Research Sheds Light on Fat and Inflammation
By Mark Messina, PhD, Executive Director, Soy Nutrition Institute
Fat is back. Not that it ever really went away. Even when very low-fat diets were all the rage, experts recognized that certain fats were more harmful than others and some were even beneficial.
A common misperception is that omega-6 polyunsaturated fats, which are found in abundant amounts in most oils, including soybean oil, are pro-inflammatory. Meanwhile, it is thought that omega-3 polyunsaturated fats protect against inflammation. Chronic inflammation is believed to be a key process underlying many chronic diseases.
Back in the late 1970s, researchers suggested that the low incidence of heart disease among the Inuit of Canada and Alaska was related to their fat intake.1 Specifically, this population eats a diet high in the omega-3 fatty acid eicosanoic acid from fish and low in the omega-6 fatty acid arachidonic acid which is found in other types of meat.
The findings put omega-3 fats in the spotlight, giving rise to the popularity of fish oil supplements. But evidence in support of the health benefits of omega-3 fat has never been as consistent as anticipated. In fact, recent commentaries published in two distinguished medical journals reached completely opposite conclusions about the benefits of omega-3 fat supplementation.2,3
Likewise, the harmful effects of saturated fat have been brought into question recently. It is now recognized that while saturated fat raises LDL-cholesterol, it also increases LDL particle size; large LDLs are less atherogenic than small LDLs.4 Nevertheless, prospective epidemiologic studies clearly show that replacing saturated fat with omega-6 polyunsaturated fat reduces CHD risk and mortality.5,6 And in the end, it’s this relevant endpoint—heart disease—that matters.
While replacing saturated fat with complex carbohydrates also reduces risk, the beneficial effects are smaller compared to omega-6 fats. Which raises this question: If omega-6 fats increase inflammation why would replacing saturated fat with omega-6 fat reduce CHD risk?

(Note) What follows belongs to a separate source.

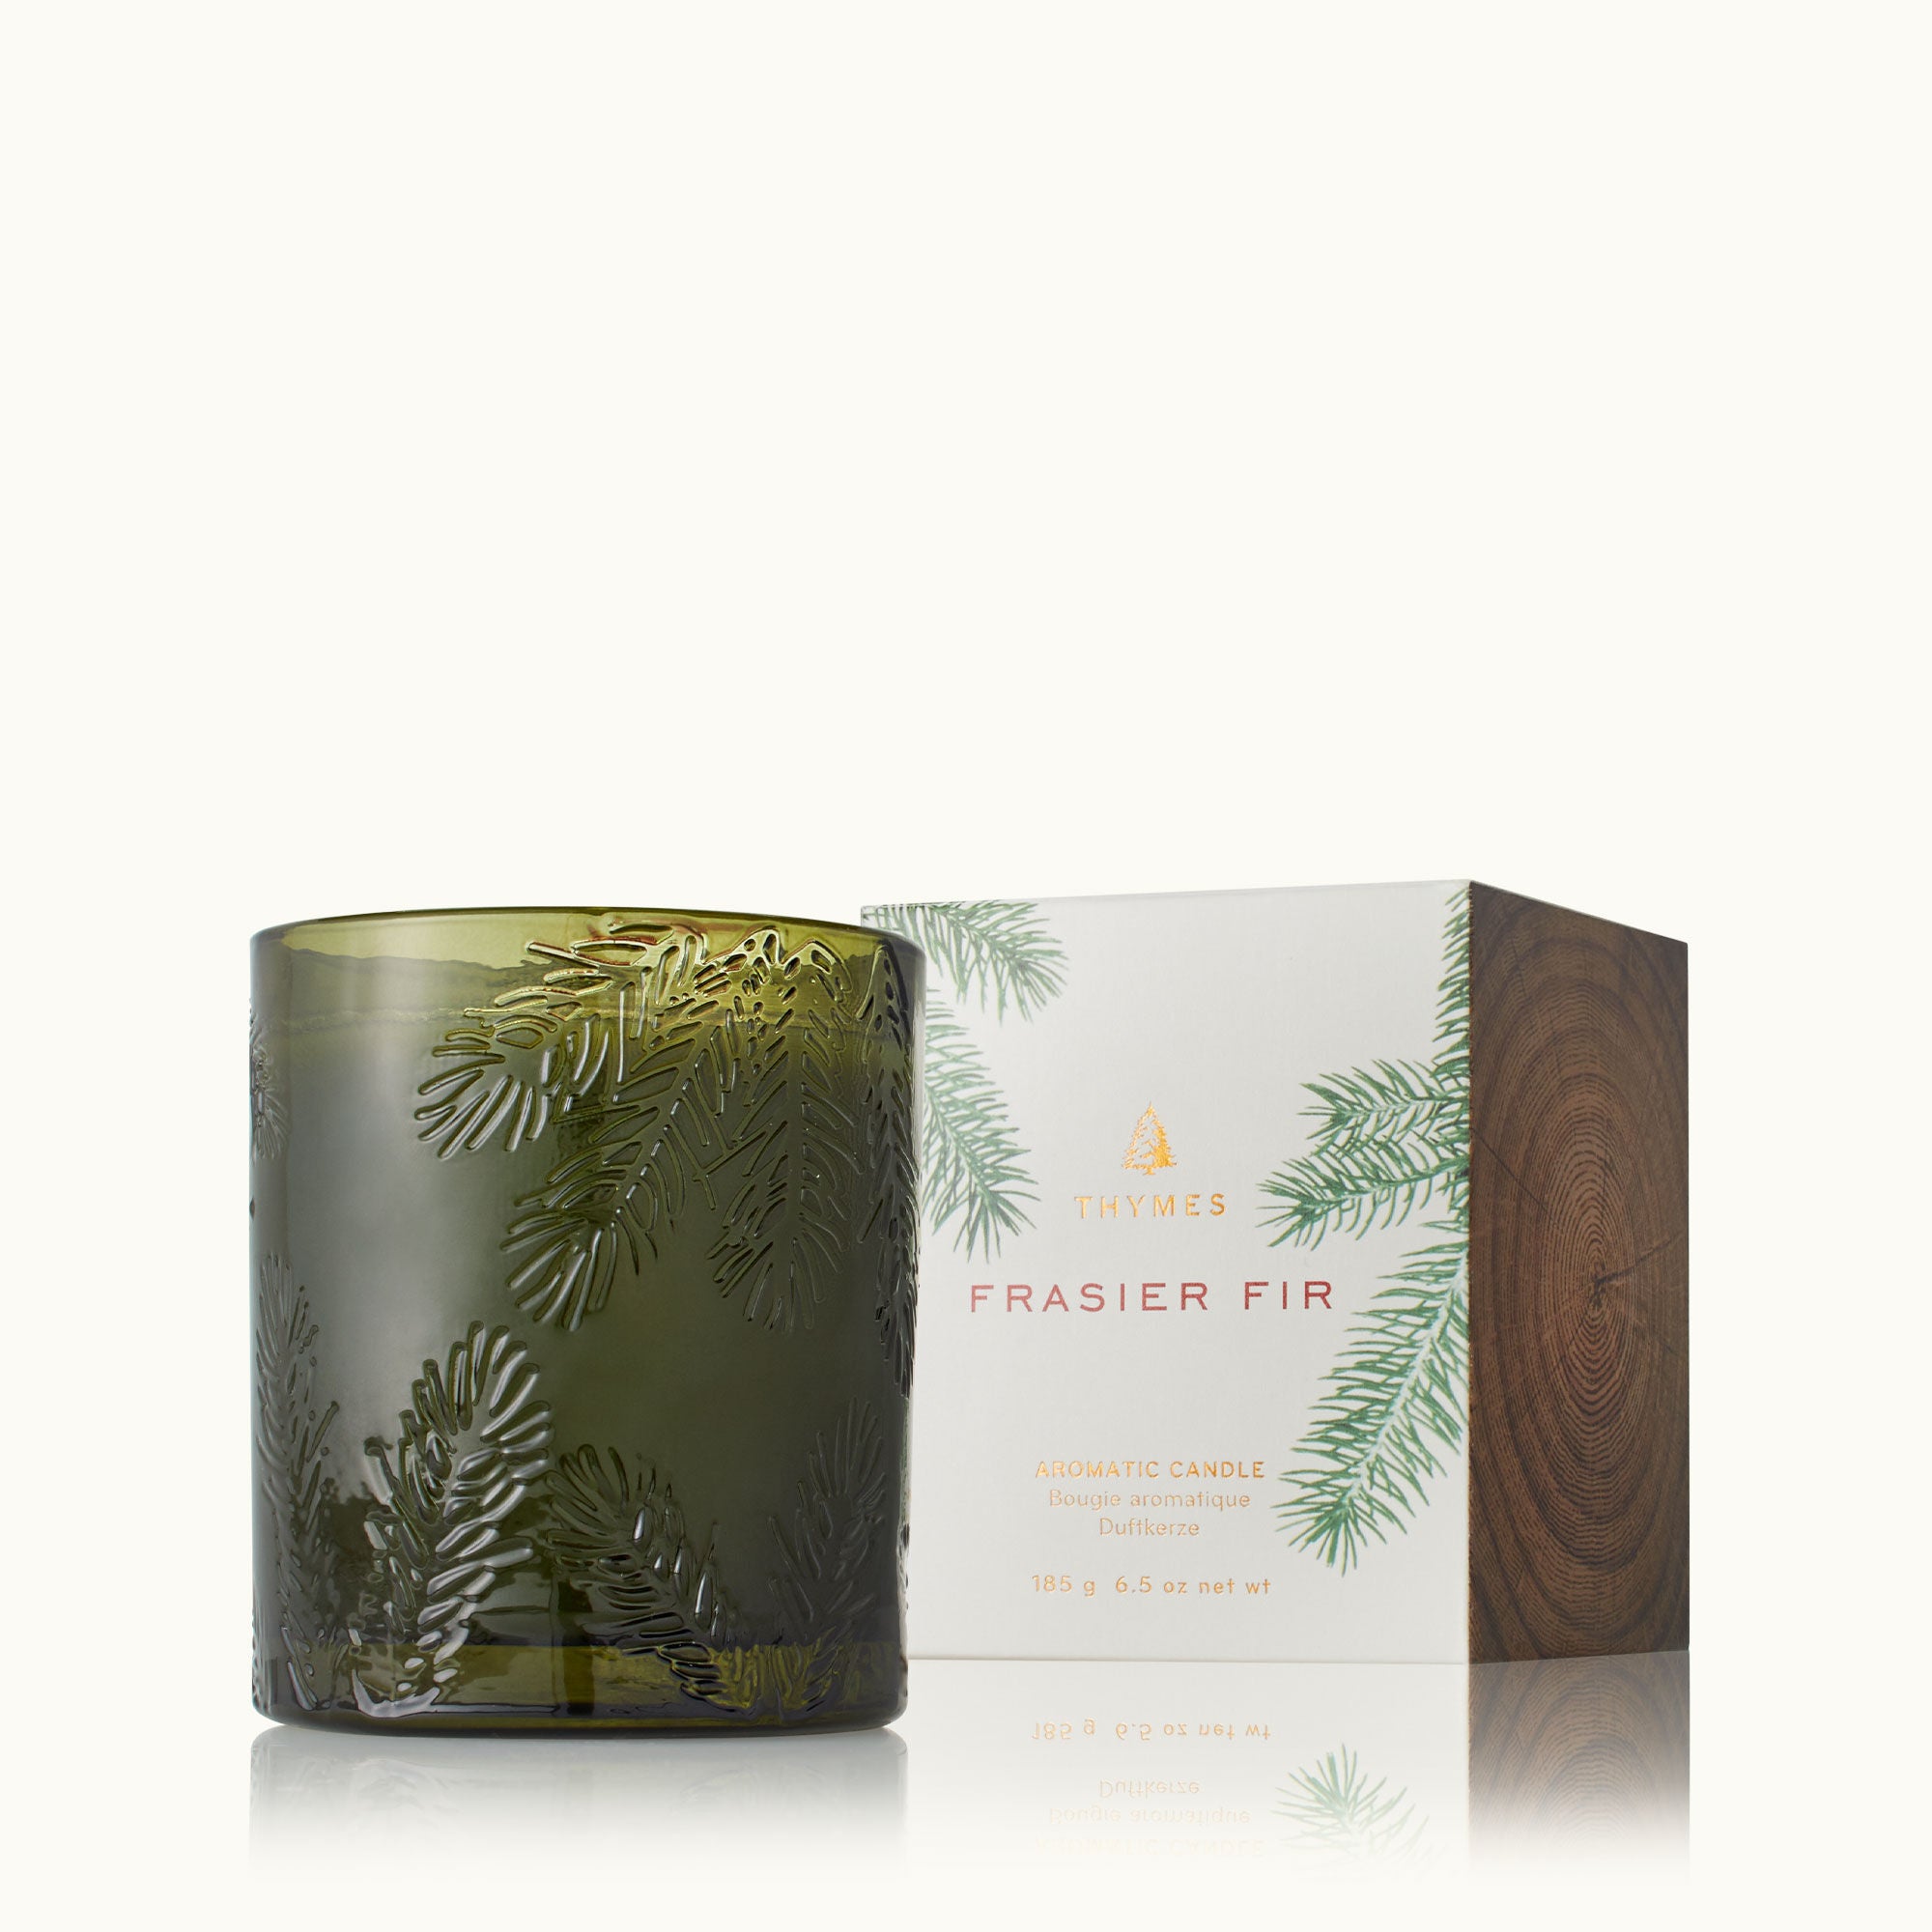 Thymes Frasier Fir Poured Candle - Molded Green Glass

Part of the explanation is that omega-6 fats reduce serum LDL-cholesterol. More importantly, despite the common perception, the proinflammatory effects of omega-6 fat aren’t very well established. In fact, a systematic review of clinical trials published in 2012 concluded that there is “virtually no evidence” from clinical trials that linoleic acid, the main dietary omega-6 fat, increases concentrations of inflammatory markers in healthy people.7
This finding may seem surprising since it is thought that in vivo, linoleic acid is converted into arachidonic acid, the omega-6 fat from which the alleged proinflammatory hormones (eicosanoids) are produced. However, extensive clinical research shows that increasing linoleic acid intake has little effect on endogenous levels of arachidonic acid.8 Furthermore, not all of the eicosanoids produced from arachidonic acid are pro-inflammatory.9
These findings will hopefully change the way that different fats and oils are viewed in healthy diets. Until the dust settles, it’s clear that soybean oil is a choice that provides the best of all worlds, since it is rich in both omega-6 and omega-3 fats. While ideally most dietary fat should come from whole foods, added fats and oils can play important culinary roles.